Prices in African agricultural markets fluctuate a lot: “Grain prices in major markets regularly” rise “by 25-40% between the harvest and lean seasons, and often more than 50% in more isolated markets.” To an economist, this looks like a massive missed opportunity: Why don’t farmers just hold onto their harvested grain and sell at a much higher price during the lean season?
According to new work by researchers Burke, Bergquist, and Miguel, farmers in Kenya lack access to credit or savings opportunities, and so they “report selling their grain at low post-harvest prices to meet urgent cash needs (e.g., to pay school fees). To meet consumption needs later in the year, many then end up buying back grain from the market a few months after selling it.” It’s like the grain market is a very expensive source of short-term loans.
Can microcredit help? Offering farmers a loan at harvest led them to sell less at harvest time and to sell more grain later, when prices were higher. “The loan produces a return on investment of 28% over a roughly nine month period.”

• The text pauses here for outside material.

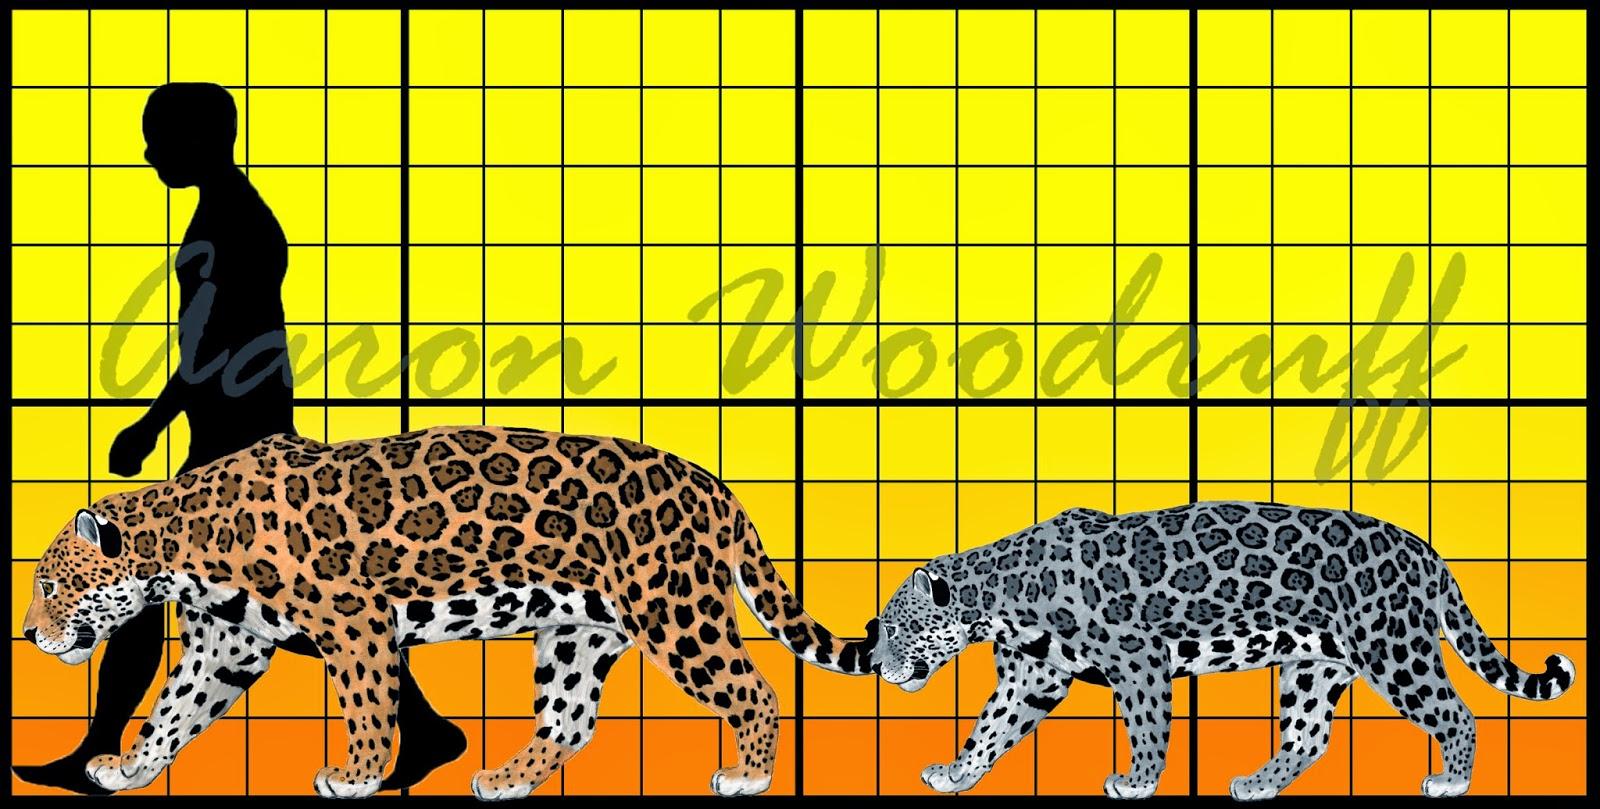 Life In The Cenozoic Era Jaguar Panthera Onca

That’s great for the farmer who benefits from the microloan, but how does it affect other farmers? The researchers varied how many farmers in a given community received the loan offers. In communities where lots of farmers took the loans, those farmers still sell less at harvest time, but the profitability of the loans is lower. Why? With fewer farmers selling off their grain at harvest, prices don’t jump around so much over time, so the benefits of waiting to sell are lower.
But here’s where it gets really interesting. Farmers who don’t take out the loans also benefit from more stable prices. When they need to sell some grain in order to pay school fees, they don’t have to worry as much about low prices right after harvest. Simple calculations suggest that in areas with lots of microloans, more than half of the benefits go to people who don’t even participate in the loan program.
When the gains of an investment aren’t all captured by the investor, it’s a positive externality. Think of vaccines: your kid gets vaccinated, and other, unvaccinated kids benefit as well because they won’t catch an illness from your kid. If you value keeping your kid healthy at $100 and the price of the vaccine is $125, then you won’t get it, even if the benefits to other kids make the $125 a good price overall. That’s why many governments subsidize vaccines.
In the same way, a private microcredit agency will give loans when the expected profit is sufficiently high. But because some of the gains of these harvest microloans go to nonborrowers – the neighbors who benefit from fewer price fluctuations – the private agency may give fewer loans than would be beneficial to society. As the researchers say, this “may provide some incentive for public provision of such products.” Just like societies subsidize vaccines, they may want to try and test subsidizing microcredit at the harvest season.